Website Navigation Design: Menus, Architecture, and Wayfinding

7 min read·Updated March 2026

Information architecture: organizing content logically

Information architecture (IA) is the structural blueprint of your website. Before designing menus, you need to organize your content into a logical hierarchy:

  • Card sorting — Have 5-10 people group your pages into categories. This reveals how real users think about your content, which often differs from how your team organizes it internally.
  • Keep depth shallow — Users should reach any page in 3 clicks or fewer from the homepage. Deep nesting (Home > Products > Category > Subcategory > Item) creates friction and hurts crawlability.
  • Group by user intent, not internal structure — Users don't care about your org chart. Group "Pricing," "Plans," and "Free Trial" under one umbrella even if they belong to different departments.
  • Limit top-level items — The primary navigation should have 5-7 items maximum. Miller's Law suggests people can hold 7 (plus or minus 2) items in working memory. More than that, and decision fatigue sets in.

Tip

Name navigation items using the words your users use, not your internal jargon. If customers call it "Pricing" don't label it "Investment Options" or "Plans & Packages."

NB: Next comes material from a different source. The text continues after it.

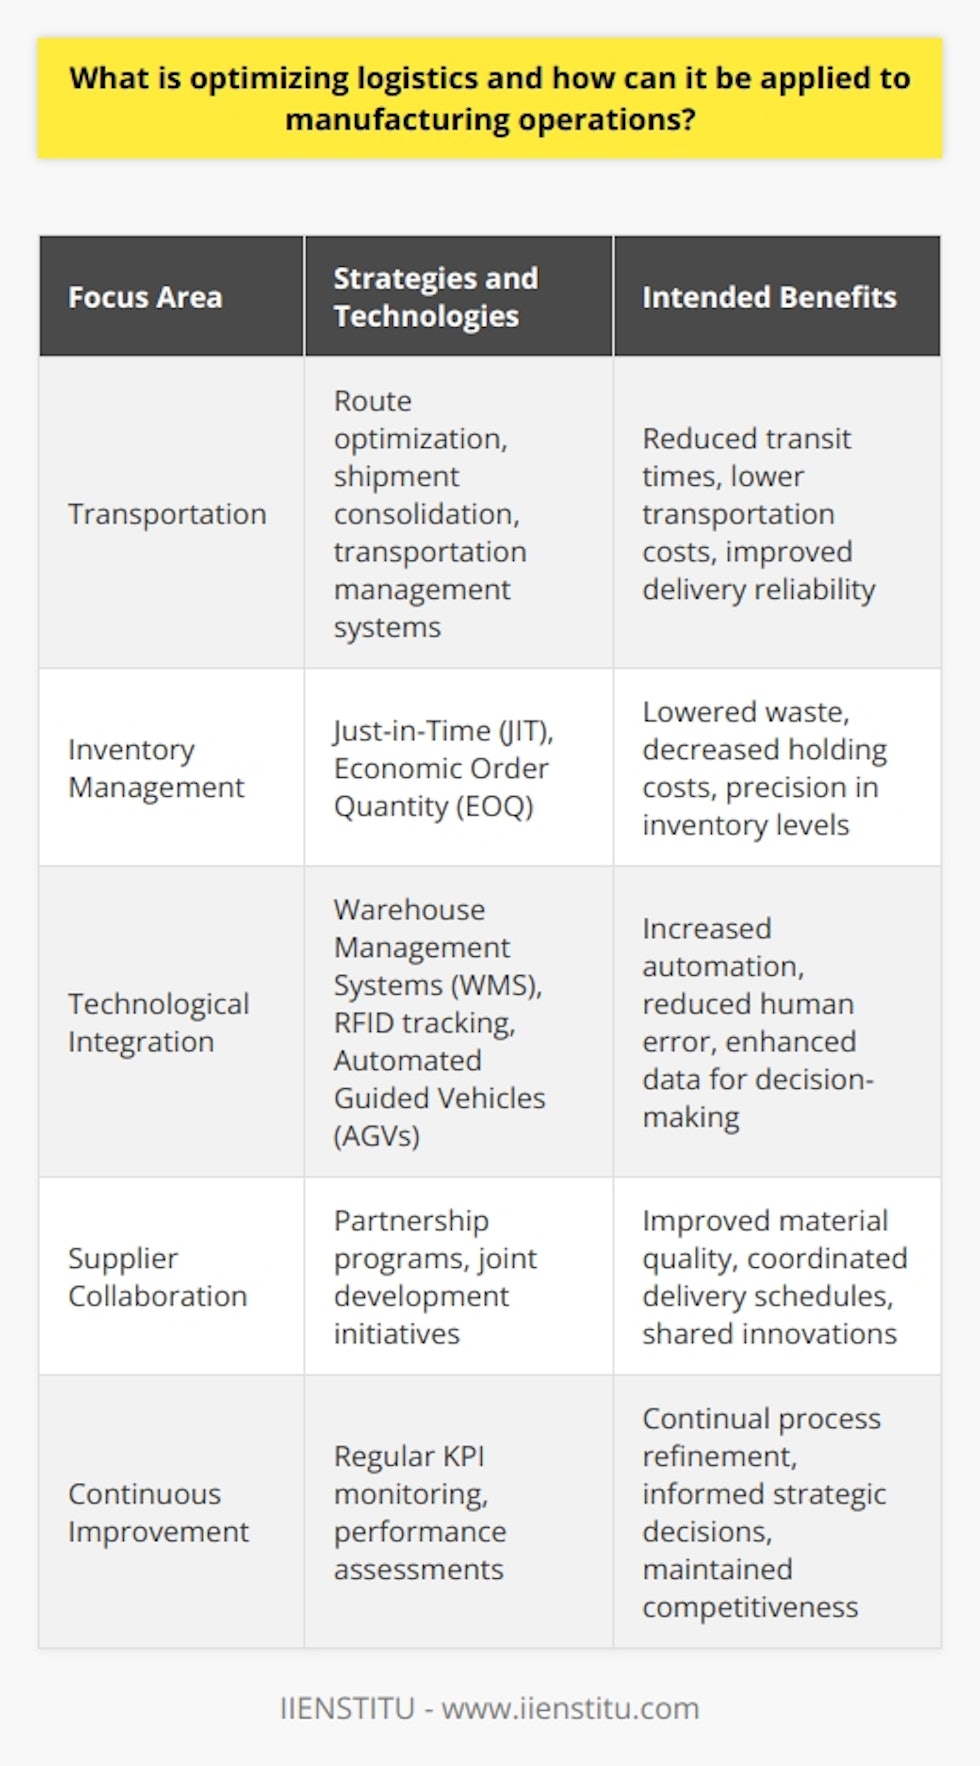 Optimizing logistics within manufacturing operations is a comprehensive approach to streamlining and improving various components of the supply chain process. It has the potential to drastically enhance the efficiency and effectiveness of manufacturing by systematically targeting areas such as transportation, inventory, technological integration, supplier collaboration, and continuous improvement methodologies.Streamlined transportation is often a major focus area, as it directly impacts the speed and cost with which materials and products are moved. By analyzing and optimizing routes, consolidating shipments, and adopting transportation management systems, businesses can minimize delays, reduce transportation costs, and improve on-time delivery rates.Inventory management is another pillar of logistics optimization. By leveraging strategies such as JIT and EOQ, manufacturing operations can manage their inventory levels with greater precision, ensuring that the right amount of raw materials or components are available exactly when needed, which eliminates waste and reduces holding costs.The inclusion of advanced technologies in logistics optimization is becoming increasingly prevalent. The integration of systems like WMS, RFID tracking, and AGVs can automate numerous tasks that were previously manual, minimizing the risk of human error and enhancing overall productivity. This not only improves warehouse operations but also offers more accurate and timely data for decision-making.Supplier collaboration embodies the partnership approach, where manufacturers and suppliers work together towards common goals. This can harvest a host of benefits such as enhancing the quality of materials, streamlining delivery schedules, and sharing innovations that can lead to enhanced logistics processes.Finally, the philosophy of continuous improvement, embodied by the regular monitoring and assessment of KPIs, ensures that a logistics optimization strategy remains dynamic and adaptable. Measurements such as turnaround times, order accuracy, and customer satisfaction can guide improvements and inform strategic decisions.Indeed, applying these principles of logistics optimization helps manufacturers reduce operational costs, accelerate production cycles, align supply chain activities with the demands of the market, and provides a competitive edge in an ever-evolving industry landscape.

Designing effective mega menus

Mega menus display a large, multi-column dropdown when hovering over (or clicking) a top-level navigation item. They're ideal for sites with extensive content catalogs:

  • Organize by user tasks — Group links by what users want to accomplish, not by your product taxonomy. A "Solutions" mega menu organized by industry or use case outperforms one organized by product name.
  • Use visual hierarchy — Bold category headings, regular-weight links beneath. Add icons or small images for key items. Don't make everything the same visual weight.
  • Limit to 2 levels — Mega menus should show categories and their immediate children. If you need sub-subcategories, your IA needs simplifying.
  • Handle hover intent — Add a small delay (200-300ms) before opening and closing the mega menu. This prevents accidental triggers when the cursor passes over the navigation. Use JavaScript hover intent libraries, not pure CSS :hover.
  • Make it accessible — Mega menus must be keyboard-navigable, include proper ARIA roles (role="menu", role="menuitem"), and work with screen readers. Close on Escape key press.